International Union for Quaternary Research
The International Union for Quaternary Science (INQUA) was established in 1928 and exists to encourage and facilitate the research of Quaternary scientists in all disciplines. To this end:
- Five Commissions (Coastal & Marine Processes; Humans & the Biosphere; Palaeoclimates; Stratigraphy & Chronology; Terrestrial Processes, Deposits & History) provide leadership in different spheres of research, and are responsible for ensuring that INQUA scientists remain at the forefront of their fields.
- INQUA is committed to promoting collaborations among scientists around the world. It places special emphasis on assisting early career and developing country researchers to become involved in international projects.
- The Executive awards grants for running meetings to assist in planning such projects.
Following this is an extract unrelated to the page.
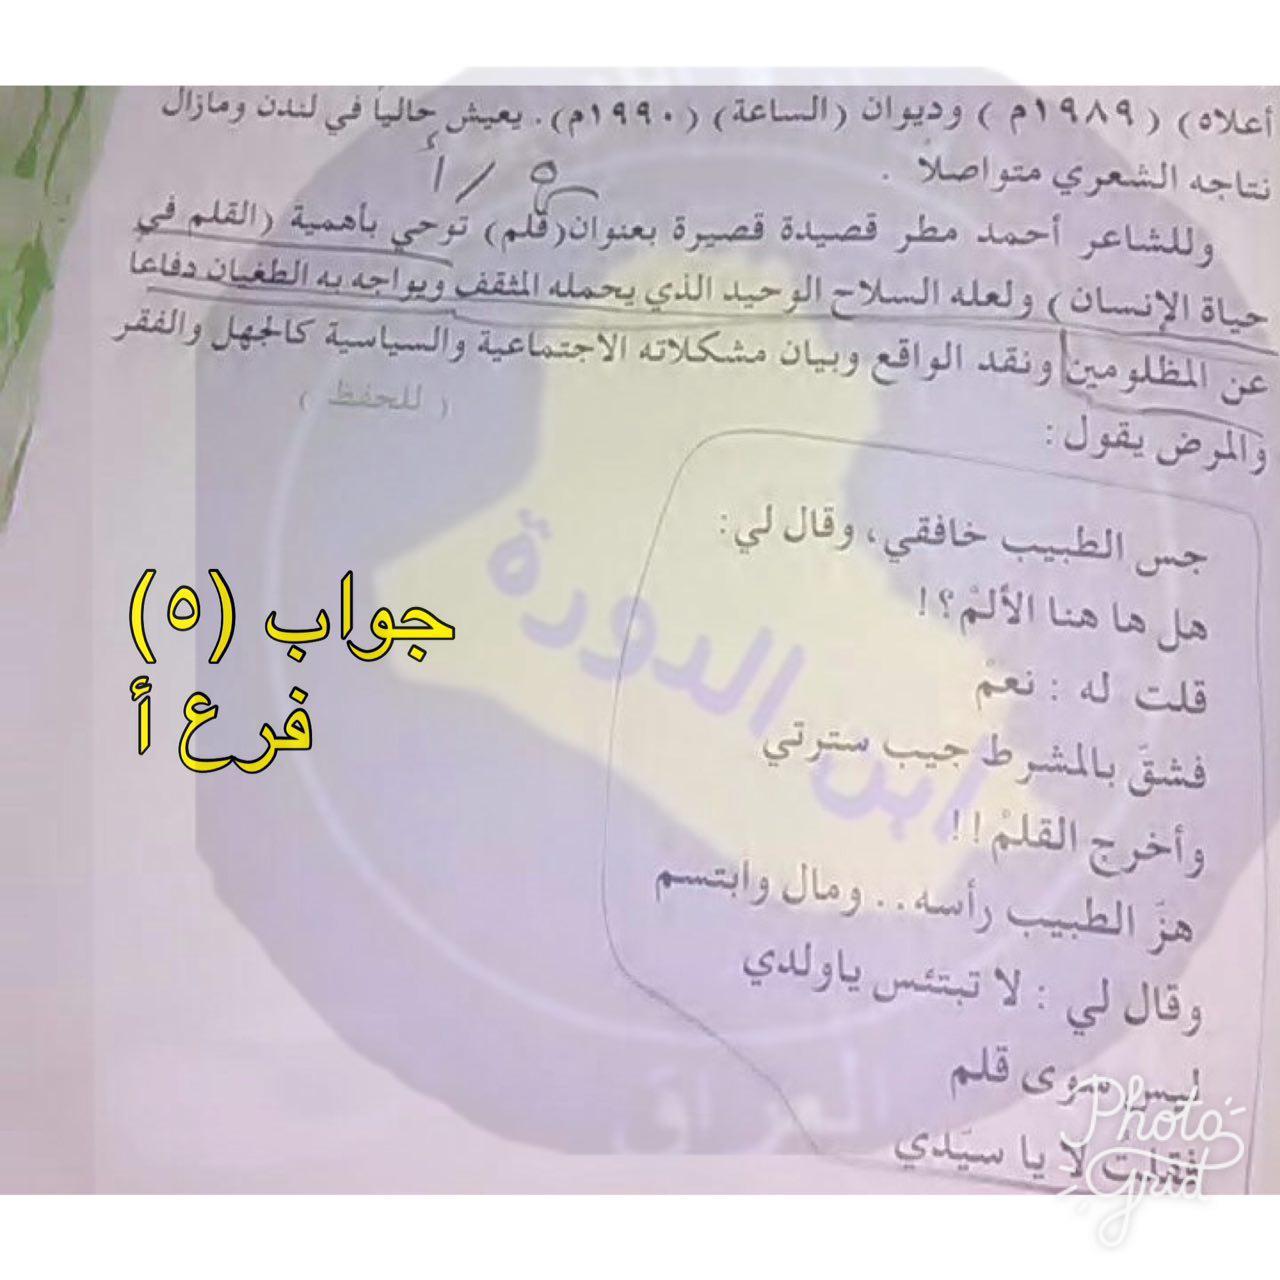 نموذج ورقة اللغة العربية مع الحل للصف الثالث متوسط 2017 الدور الاول Photo_2017-06-06_11-26-32

- INQUA continues to encourage Quaternary associations around the world to join its more than 50 national and regional Members in an on-going bid to be all-inclusive.
INQUA is a full Scientific Union member of the International Council for Science
Click here to download INQUA's statement on climate change
Quaternary International is the official journal of the International Union for Quaternary Research. The objectives are to publish a high quality scientific journal under the auspices of the premier Quaternary association that reflects the interdiscuplinary nature of INQUA and records recent advances in Quaternary science that appeal to a wide audience. More details on our publications pages
The Quaternary Period in Earth History
The Quaternary Period spans the last 2.6 million years of the Earth's history. The Quaternary is an interval with dramatic and frequent changes in global climate. Warm interglacials alternated with cold ice ages. The Earth is right now entering a time of unusually warm climate. Significant and potentially rapid environmental changes could pose major challenges for human habitability.
The expertise of Quaternary scientists is to interpret the changing world of the glacial ages and their impact on our planet's surface environments. Quaternary palaeoclimatic investigations play a key role in the understanding of the possible future climate change on our planet.